Era una de las más deliciosas películas que recordaba, sentimental como se merecía un muchacho acostumbrado a encontrar en el cine el consuelo que tanto necesitaba.
Glenn Miller, músico metido a militar en la II Guerra Mundial (1939-1945), que desaparecería en un vuelo que le conducía vestido de uniforme con su orquesta para alegrar la vida a los que seguían en el frente.
Era una tradición muy yanqui. Durante esa guerra espantosa y costosa, pero moderna, eso sí, en que los guapos del mundo bello y marcial iban a dar una lección al facineroso de Adolf Hitler, el nacional-socialista de tres al cuarto que había querido imitar a Charles Chaplin, las estrellas del cine fueron movilizadas por Hollywood, con uniforme y gorra de rigor, para animar a los soldados.
Pero a Hitler no le dejaron imitar al payaso inglés. Le cortaron la película antes de que pudiese terminarla aunque tuvo un final oficial muy sinfónico y wagneriano envenenándose en su siniestro bunker con su amante o esposa, que las mentiras son peores que en el cine, Eva Braun, una sana rubita que había amaestrado al monstruo.
Y así Glenn Miller nos dejó su música para bailar con faldas anchas de las que las muchachas llevaban en los años sesenta (ya saben, el del otro siglo, el XX) y amaban hasta la concepción.
Así fue concebida esa niña, y que me perdone, porque no hubo ninguna intervención divina, solo la madre y el muchachito de veintiún años que estaba tan preparado para ser padre como Hitler para dominar el mundo.
Creyó en aquel momento, ay que joven eras, hijo mío, que el mundo sería, y lo fue más amable, a partir de aquella mañana en una preciosa clínica de París.

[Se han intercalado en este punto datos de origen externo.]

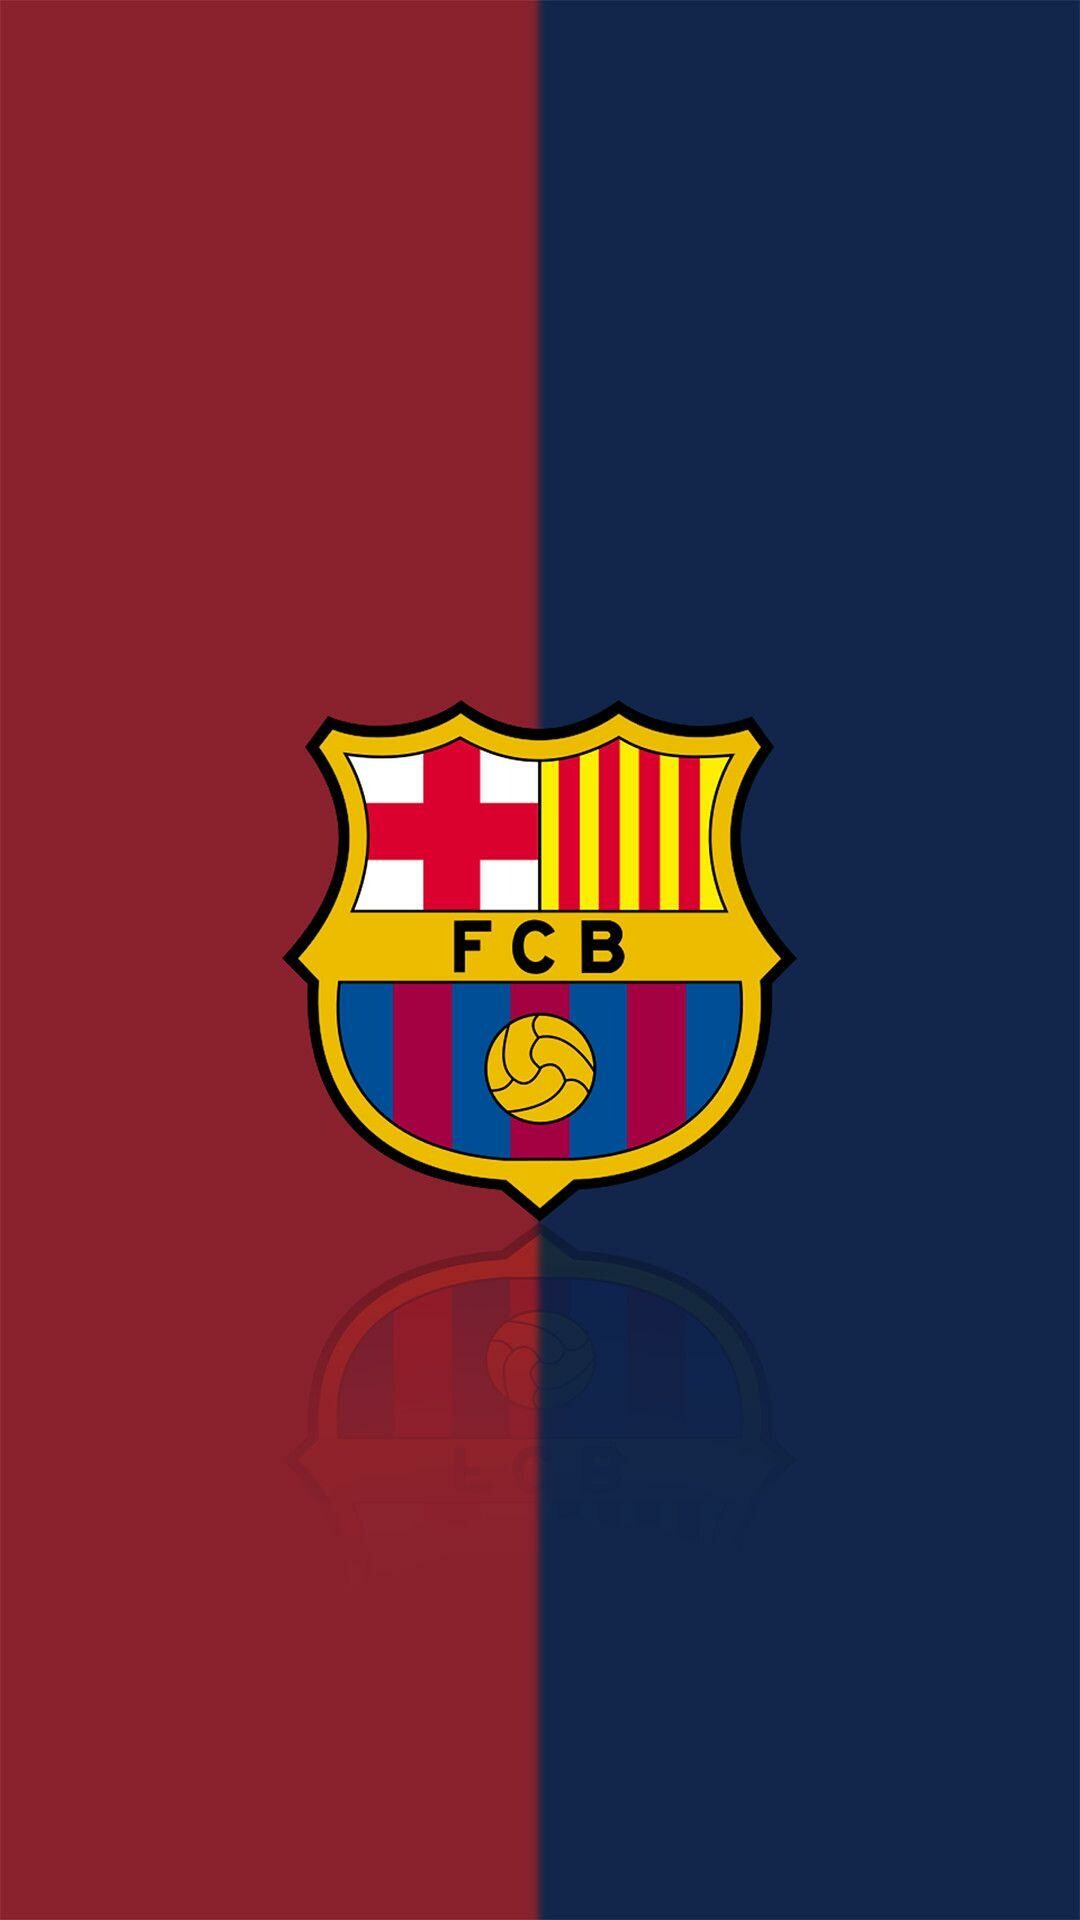 FC Barcelona: A Spanish-Catalan professional football club based in Spain. 1080x1920 Full HD Wallpaper.

Recuerdo que te recuerdo en esta mañana del verano de 2017 dedicó unos pocos pensamientos al señor que también había decidido un día traerlo al mundo con la complicidad de otra señora.
El individuo en cuestión era un coronel del ejército de su Majestad Francisco Franco, que había encontrado manera de hacer su fechoría en una isla de África donde mandaba más que Marlon Brando en “Apocalypse Now”.
Por eso, esta mañana temprano, después de escuchar una vez más a Glenn Miller, pido respetuosamente a los dioses que todavía quedan en algún paraíso perdido y nunca encontrado que decreten la ejecución del Coronel, por haber faltado a todos sus deberes como hombre.
Él siempre tuvo quien le escribiera. Y dejó de escribir con su uniforme de gala y fajín dedicado a no sé qué virgen.
Entonces recuerdo a otros gloriosos militares del cine que ahora me arrullan con sus secuencias. El general della Rovere al que dio más que vida, amor y valentía, un Vittorio de Sicca más genial que nunca y no tengo más remedio que querer bailar con Al Pacino y su uniforme de guerrero ciego en “Perfume de mujer”.
¿A quién no le hubiese gustado poder bailar aquel tango que Pacino, teniente coronel jubilado y ciego, bailó con una deliciosa chiquilla vestida de negro, desde las medias al moño, en aquella sala de aquel hotel de Nueva York?
Empieza a amanecer el día, bonito y bochornoso día para una ejecución. Suspenderemos la del Coronel y que Dios o el Diablo le concedan un último baile como el de Pacino, inolvidable actor que hizo del cine lo que llegó a ser, una fábrica de sueños donde aprovisionarse cuando la realidad falla.